10 minutes quick start with Elasticarch, a massive data search and analysis engine

Author: jeremyshi, Tencent TEG background development engineers

1. Background

With the vigorous development of information technologies such as the mobile Internet, the Internet of Things, and cloud computing, the amount of data has exploded. Nowadays, we can easily find the information we want from the massive data, which is inseparable from the help of search engine technology. Especially for the indexing, retrieval and sorting mechanisms, we can achieve basic full-text retrieval functions without having to understand the complex information retrieval principles behind them. The amount of data reaches one billion, and the scale of tens of billions can still return search results in seconds. The actual problems we are concerned about, such as system disaster tolerance, data security, scalability, and maintainability, can be effectively solved in Elasticsearch, which ranks first in the field of open source search engines.

2. Introduction to Elasticsearch

Elasticsearch (ES) is an open source distributed search analysis engine based on Lucene, which can index and retrieve data in near real time. It has the characteristics of high reliability, ease of use, and active community, and is widely used in scenarios such as full-text retrieval, log analysis, and monitoring analysis. Due to the high scalability, the cluster can be expanded to a hundred-node scale to process petabytes of data. Write, query, cluster management and other operations can be realized through simple RESTful API. In addition to searching, it also provides rich statistical analysis functions. And the official function expansion package XPack meets other needs, such as data encryption, alarms, machine learning, etc. In addition, custom plug-ins, such as COS backup, QQ segmentation, etc., can be used to meet specific functional requirements. The following mainly introduces the architecture and basic principles of ES.

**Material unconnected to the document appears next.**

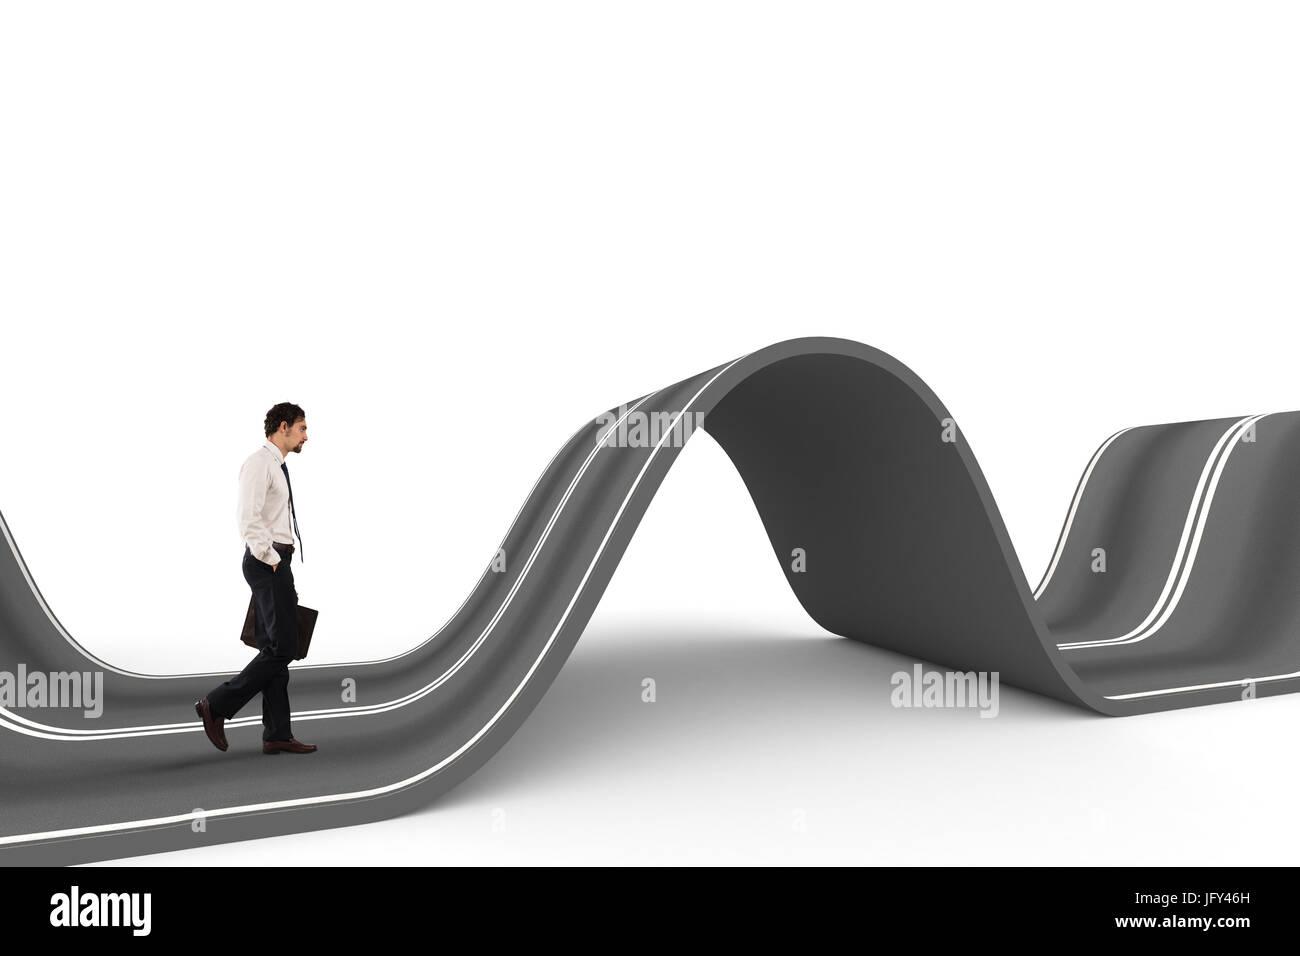 El empresario listo para arrancar en un camino complicado. Concepto de desafío Imagen De Stock

2.1 Elasticsearch architecture and principle

Elasticsearch cluster

Basic concepts :

Cluster "Cluster": It consists of ES nodes deployed on multiple machines to process larger data sets and achieve high availability.
Node "Node": ES process on the machine, different types of nodes can be configured.
Master Node: Used to select the master of the cluster. One of the nodes serves as the master node, responsible for cluster metadata management, such as index creation, and nodes leaving to join the cluster.
Data Node "Data Node": Responsible for index data storage.
Index "Index": A logical collection of index data, which can be analogous to the DataBase of relational data.
Shard "sharding": Index data subsets, by assigning shards to different nodes in the cluster, data horizontal expansion is achieved. To solve the problem of insufficient CPU, memory, and disk processing capabilities of a single node.
Primary Shard "Primary Shard": Data sharding adopts the master-slave mode, and the shards receive index operations.
Replica Shard "replica shard": A copy of the primary shard to improve query throughput and achieve high data reliability. When the primary shard is abnormal, one of the replica shards will be automatically promoted to the new primary shard. In order to make it easier for everyone to understand the data model in ES, compare it with the relational database MySQL:

Data model category

As can be seen from the above architecture diagram, the ES architecture is very concise. Built-in automatic discovery realizes Zen discovery. When a node is started, it can join the cluster by contacting the cluster member list. One of the nodes serves as the master node for cluster metadata management and maintains the distribution of shards among nodes. When a new node joins the cluster, the Master node will automatically migrate some fragments to the new node to balance the cluster load.

Node joins the cluster

Distributed clusters inevitably have node failures. The master node will periodically detect the survival status of other nodes in the cluster. When a node fails, it will move the node out of the cluster. And automatically restore the fragments on the failed node on other nodes. When the primary shard fails, one of the replica shards will be promoted as the primary shard. Other nodes will also detect the active master node. When the master node fails, the built-in Raft-like protocol will be triggered to select the master, and the minimum number of candidate master nodes will be set to avoid cluster brain split.

Node leaves the cluster

In addition to cluster management, index data reading and writing is also an important part of our concern. ES adopts peer-to-peer architecture, each node saves the full amount of fragment routing information, that is, each node can receive user reads and writes. For example, if a write request is sent to node 1, the write request uses the hash value of the document ID to determine which primary shard to write to by default. Here, it is assumed that shard 0 is written. After writing the main shard P0, parallelly forward the write request to the node where the replica shard R0 is located. When the node where the replica shard is located confirms that the write is successful, it returns to the client to report that the write was successful to ensure data security. And before writing, it will ensure the number of copies of the quorum number to avoid inconsistent written data caused by network partition.

Write operation

The query adopts distributed search. For example, after a request is sent to node 3, the request will be forwarded to the node where the primary or replica shard of the index is located. Of course, if you write and query both with routing field information. The request will only be sent to some shards, avoiding full shard scanning. After these nodes complete the query, the results are returned to the requesting node, and the requesting node gathers the results of each node and returns it to the client.

Query operation

2.2 Lucene principle

After introducing the basic principles of ES clusters, let's briefly introduce Lucene, the underlying storage engine of ES. First of all, Lucene is a high-performance information retrieval library that provides basic functions of indexing and retrieval. ES solves the problems of reliability and distributed cluster management on this basis and finally forms a productized full-text search system.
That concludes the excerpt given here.